People like Remnick, Snyder, and the anonymous Times editorialists are able to carry on in this manner because they believe they operate in a criticism-free zone in which they can be as illogical as they please without having to worry about complaints from below.  What makes it all so galling is that Barack Obama, the man ostensibly in charge, was elected to put a stop to such warmongering.  In his famous October 2002 speech against the invasion of Iraq, he had tough words for the laptop bombardiers who were determined to plunge the country into one conflict after another.  Obama emphasized that he was not opposed to all wars, merely those that were stupid and unjust:

What I am opposed to is a dumb war.  What I am opposed to is a rash war.  What I am opposed to is the cynical attempt by Richard Perle and Paul Wolfowitz and other armchair, weekend warriors in this administration to shove their own ideological agendas down our throats, irrespective of the costs in lives lost and in hardships borne.
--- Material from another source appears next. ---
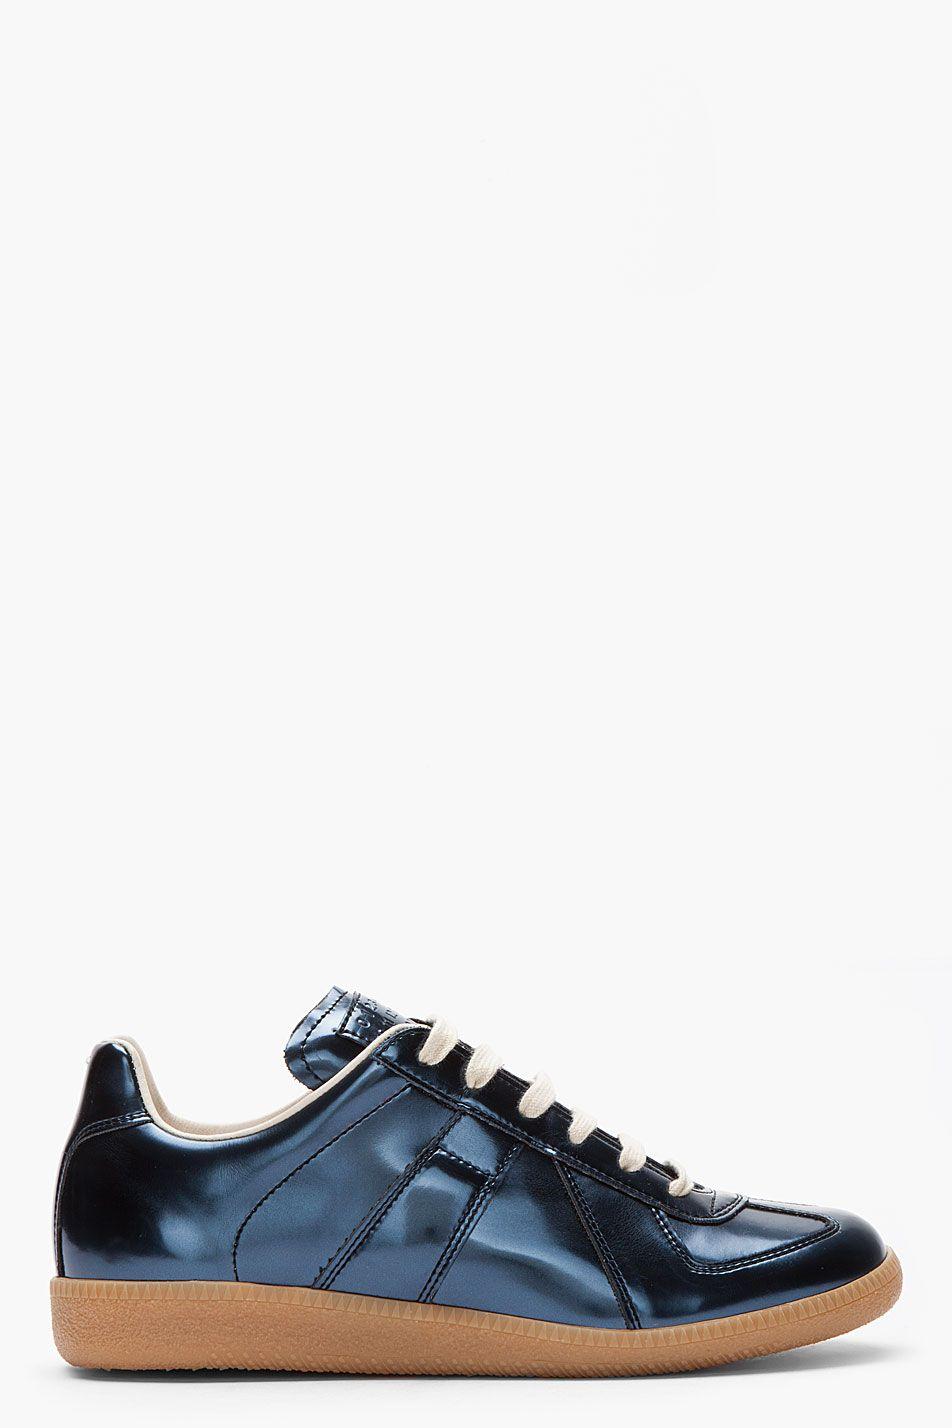 Chaussures - Bas-tops Et Chaussures De Sport Maison Martin Margiela IYgjNn

Strong stuff.  Yet once in office, he opted to leave the hardliners undisturbed, rewarding the empty-headed hawk Hillary Clinton by appointing her secretary of state and then doing the same for the even more fatuous John Kerry.  The effect was to give both a license to lie.  The result is a foreign policy that is little better than George W. Bush’s and in some ways worse thanks to the growing use of drone warfare and U.S. support for the unprecedented Saudi-Qatari-Al Qaeda assault on Syria.
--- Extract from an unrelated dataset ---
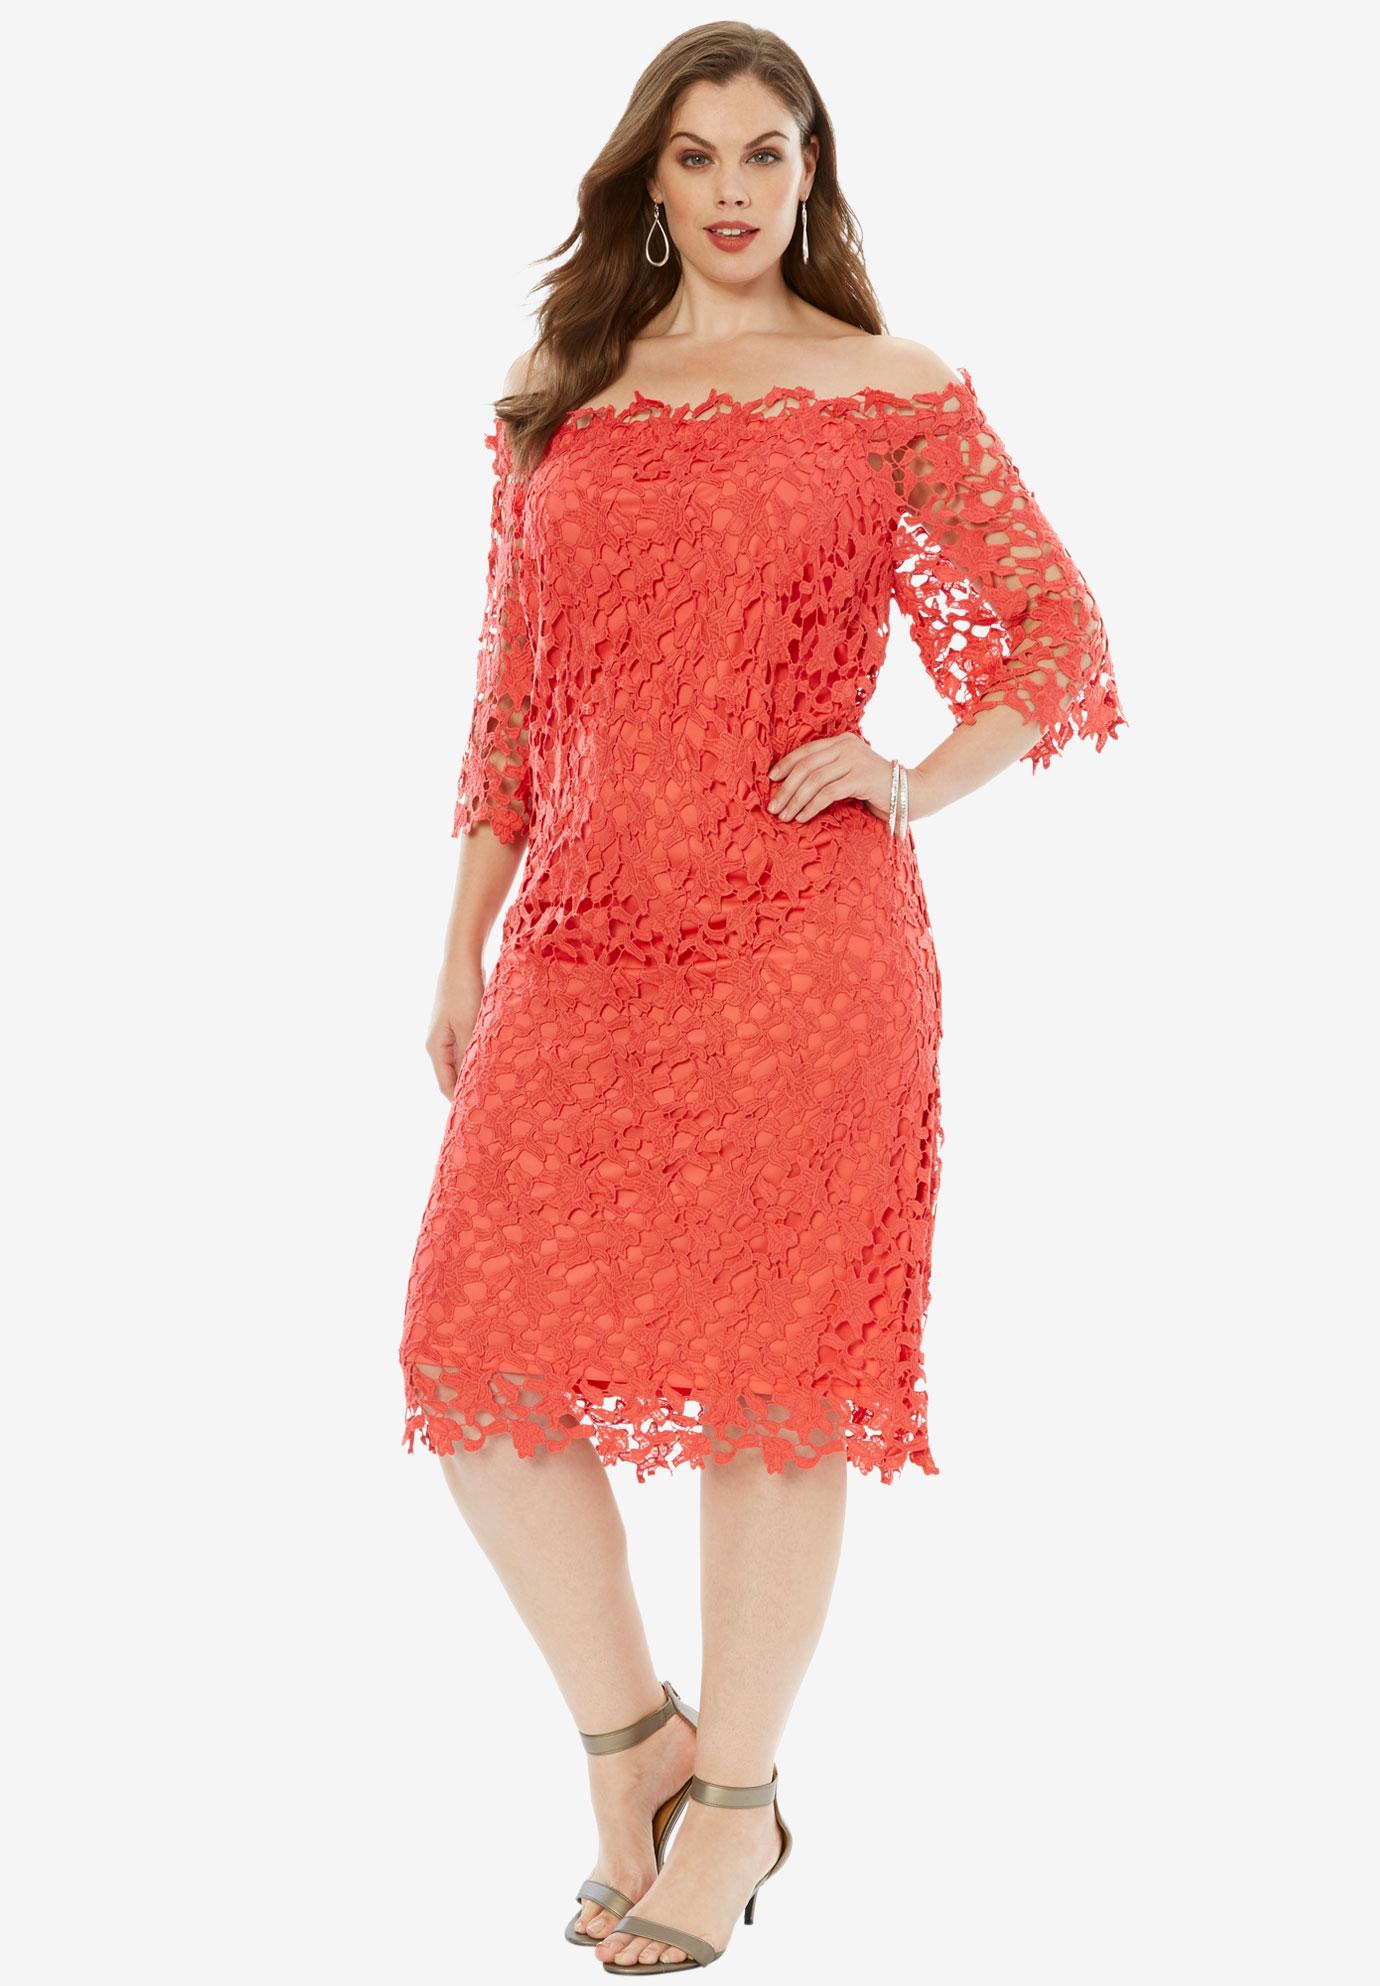 Fullsize Of Cocktail Dresses For Women

America has a two-party system of sorts when it comes to domestic affairs, but a one-party dictatorship when it comes to the imperial war machine.  Elizabeth Warren, the Democratic senator from Massachusetts, is currently sending populist hearts a-flutter with her attacks on free-market economics and outrageous loopholes that allow billionaire to pay less in taxes than their secretaries.  But when it comes to the Ukrainian crisis, she has remained silent.  Apparently, it is easier to attack Wall Street these days than Foggy Bottom.  In a way that Orwell could never have anticipated, U.S. democracy is structured so as to place certain topics permanently off-limits.